= Beginning of Section =

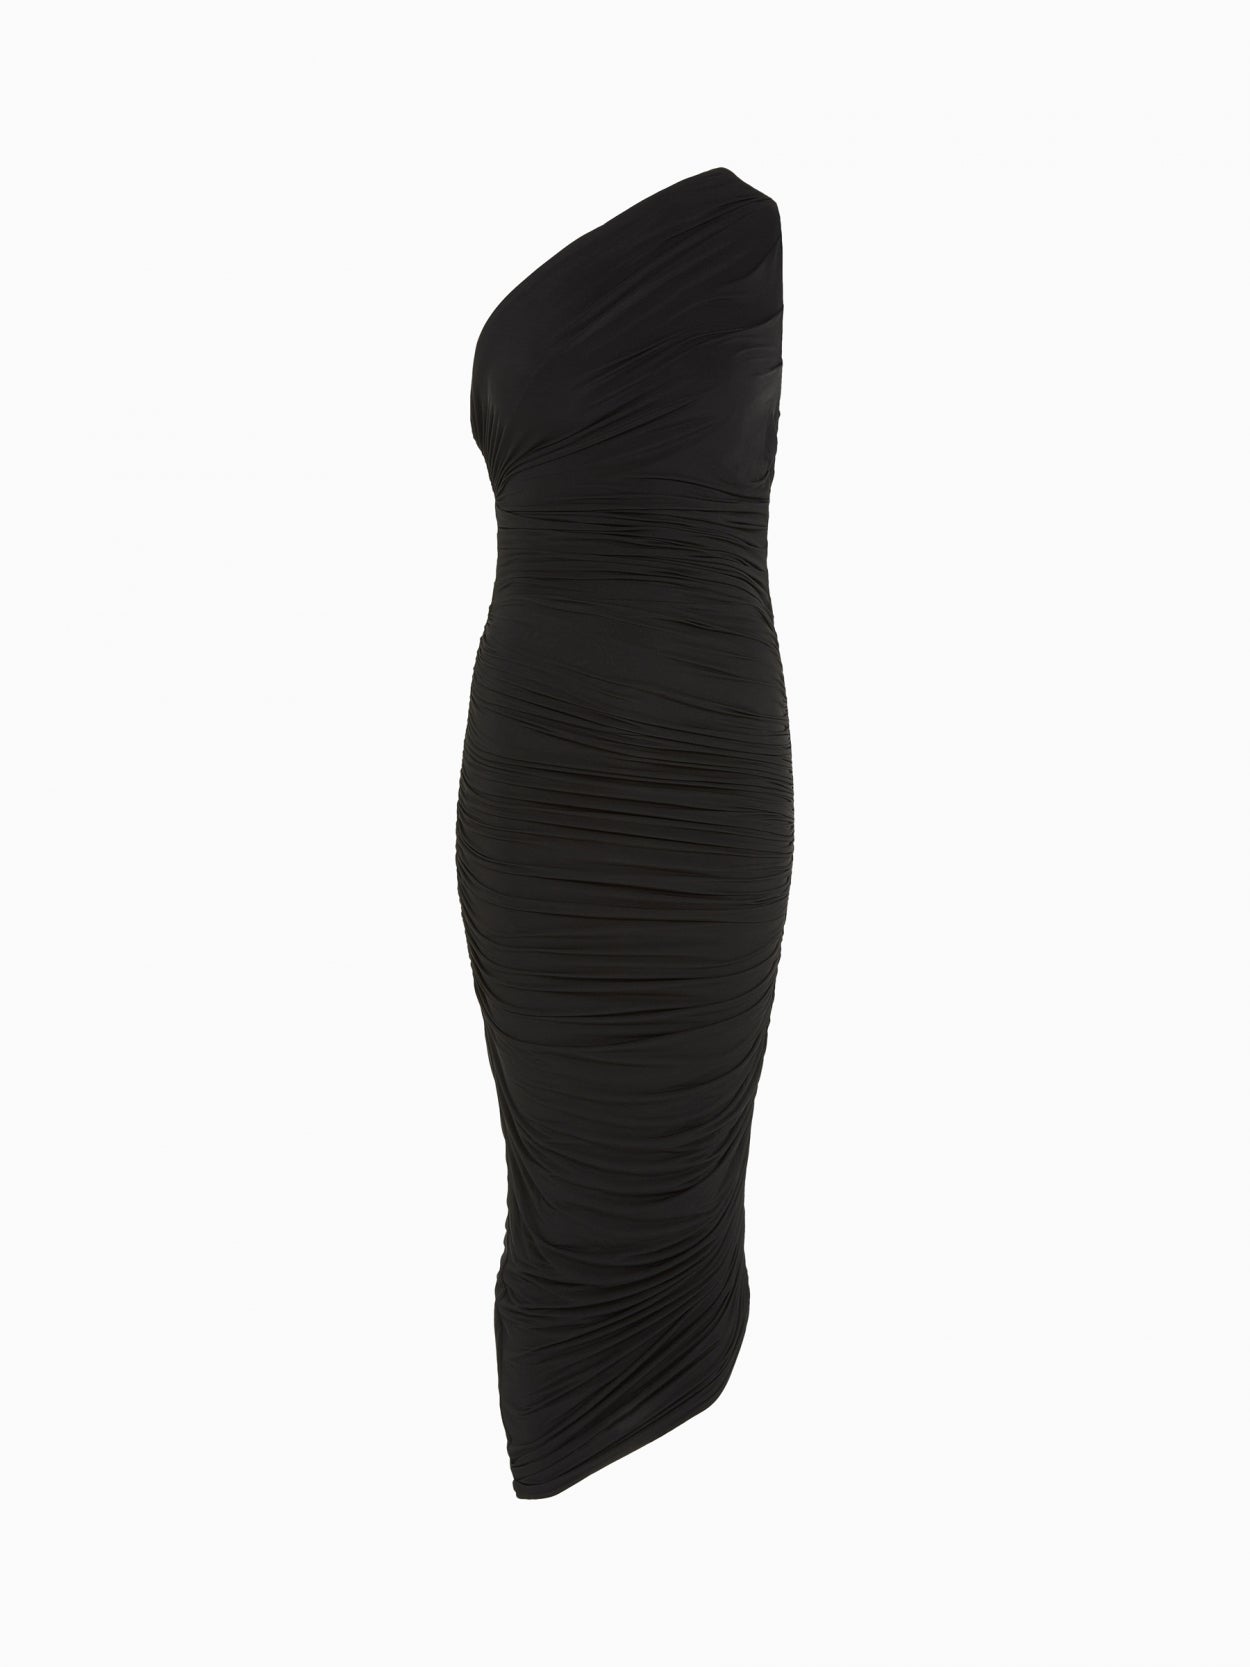 front packshot of a one shoulder black draped dress
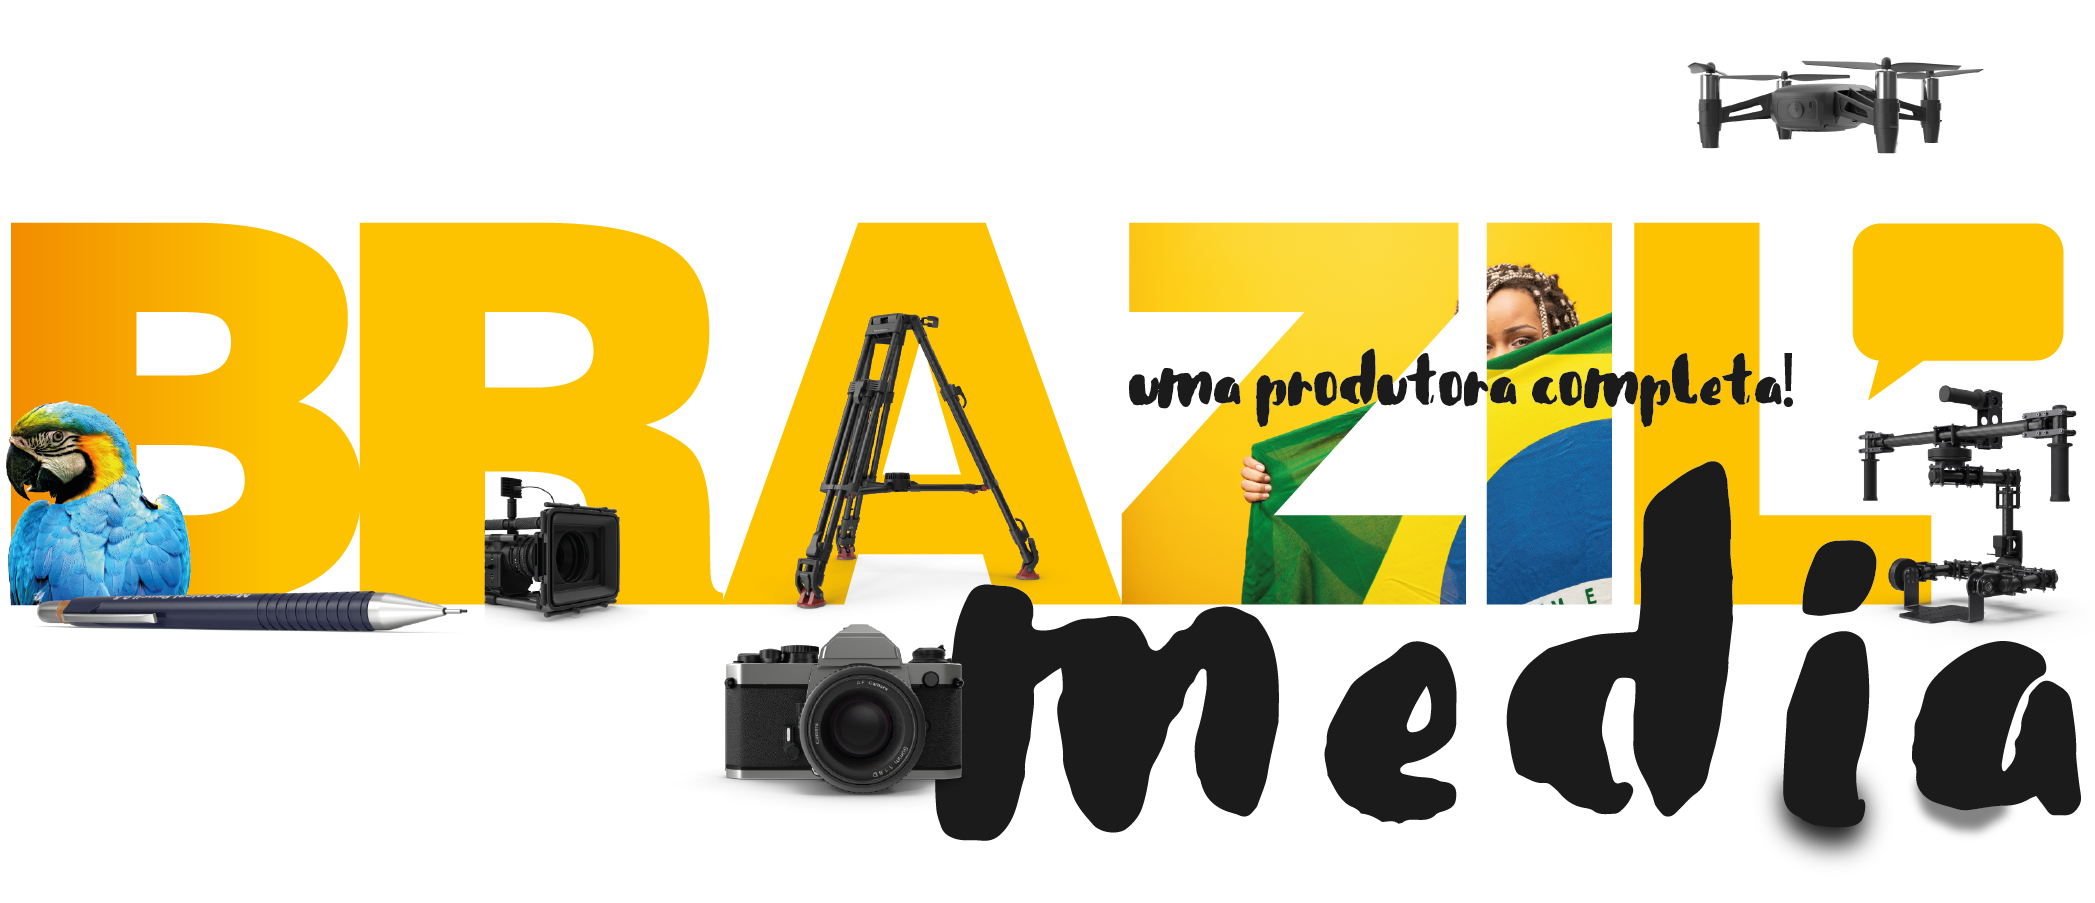 brazil media home
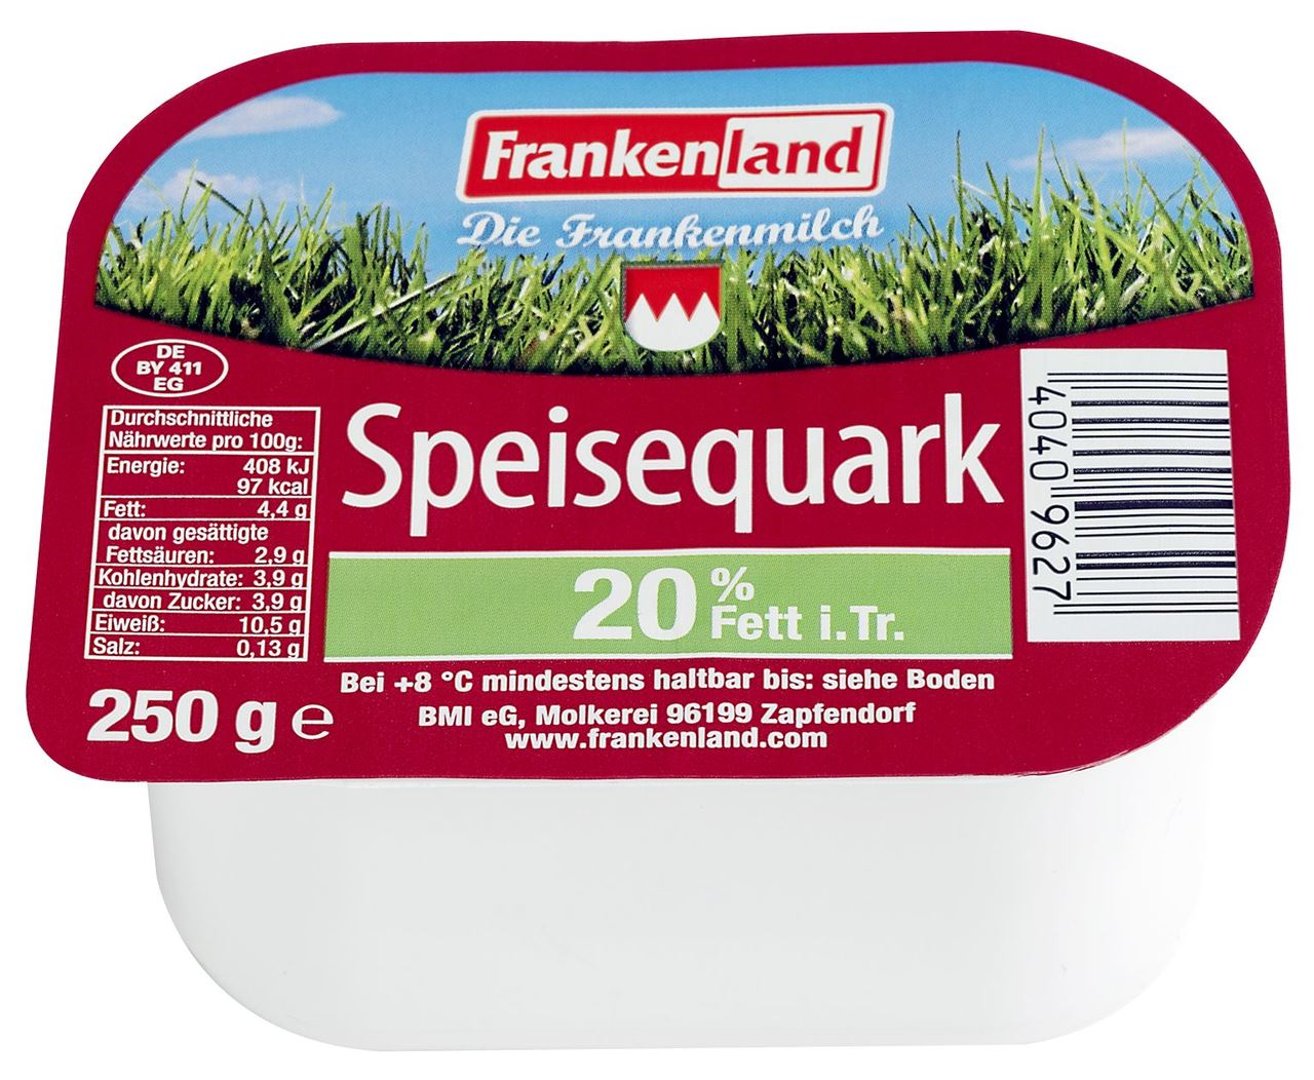 Frankenland - Speisequark 20 % Fett - 1 x 250 g Becher

= End of Section =

» **BRIEF**
The result should be a word-for-word restatement of all the data, without images.

» **RESULT**
 front packshot of a one shoulder black draped dress
 brazil media home
 Frankenland - Speisequark 20 % Fett - 1 x 250 g Becher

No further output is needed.